Social media experiment shows promise in the fight against misinformation

Emotionally charged language, personal attacks, false comparisons, and deliberate incoherence are just some of the misinformation techniques we encounter worldwide, including in Malta’s very own divisive political discourse.

Yet a new study reveals that one of the most promising responses to misinformation may also be one of the simplest. In a paper published last week in the journal Science Advances, a team of psychologists from the universities of Cambridge and Bristol found that briefly exposing social media users to the tricks behind misinformation boosts their awareness of dangerous online falsehoods.

Using an approach called “pre-bunking”, the researchers created a series of short videos that focused on specific misinformation techniques such as false dichotomies or scapegoating.

For the Maltese context, the Labour Party’s “you’re either with us, or you are traitors” rhetoric is a good example of a false dichotomy. Blaming activists and the media for the Nationalist Party’s electoral defeat or blaming foreigners for a perceived rise in crime are good examples of scapegoating.

The video below is one of the five animations created by the researchers to explain the manipulation technique of using emotionally charged language.

Promising results

The research team ran a field study on YouTube, the world’s second-most visited website owned by Google, to test the effectiveness of the videos on US YouTube users over 18 years old who had previously watched political content on the platform.

Two of the group of videos created were inserted in YouTube’s advertisement slots, showing them to around 1 million YouTube users. The researchers then went on to ask those people who saw a pre-bunking video to answer one multiple choice question.
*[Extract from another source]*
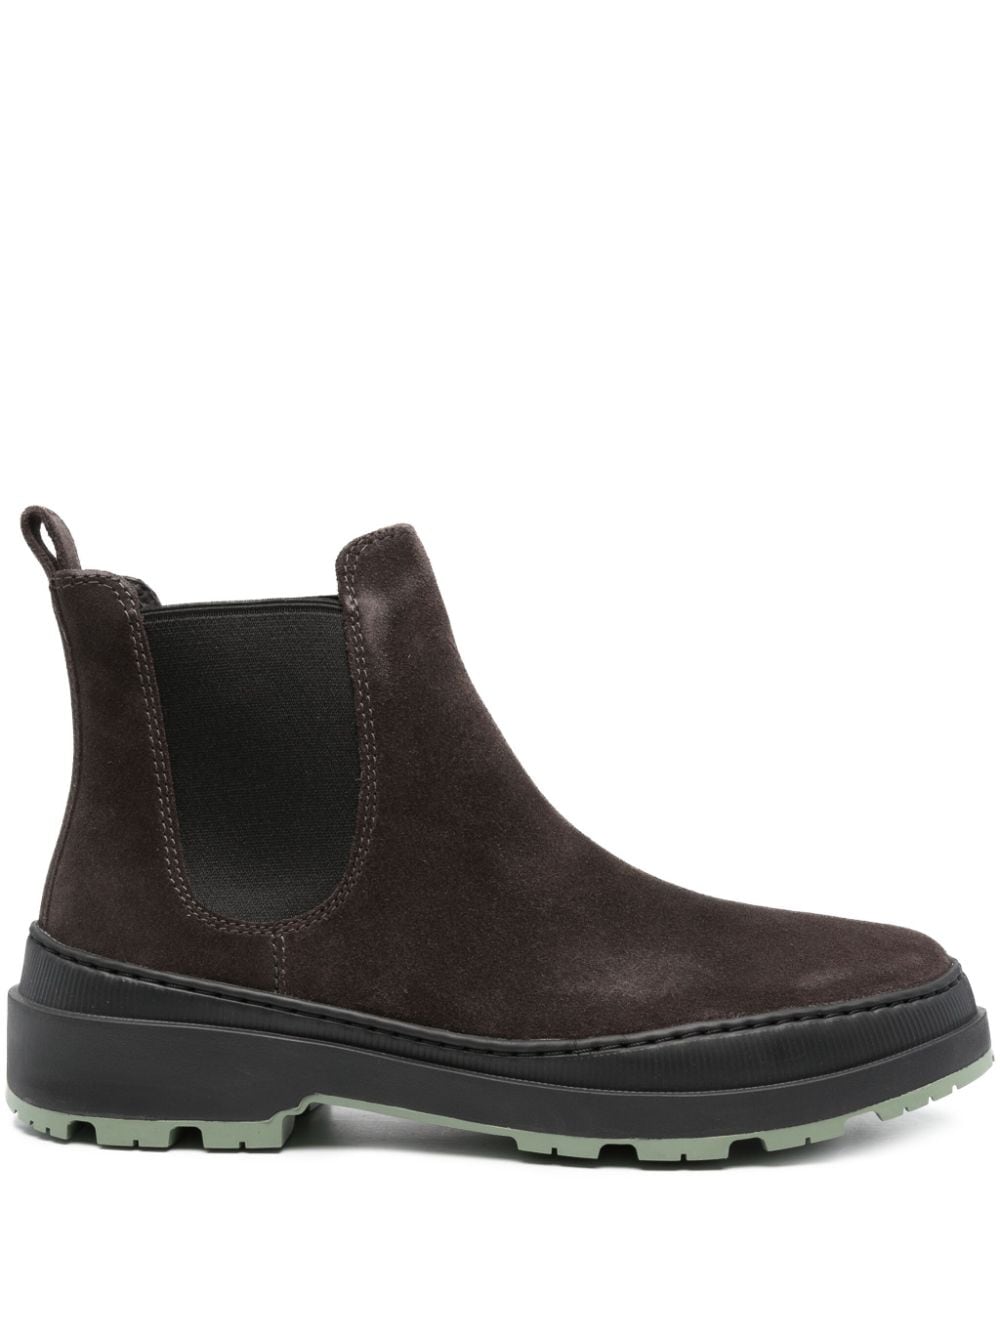 Camper suede leather ankle boots - Brown von Camper

The question assessed their ability to identify a manipulation technique in a news headline. The study also included a control group, which answered the same survey question but hadn’t watched the pre-bunking video.

What the researchers found was that the pre-bunking group was 5-10% better than the control group at correctly identifying misinformation, showing that this approach improves resilience even in a busy and distracting environment like YouTube.

Enormous potential

The pre-bunking approach used in the videos builds on years of research based on the idea known as ‘inoculation’ theory.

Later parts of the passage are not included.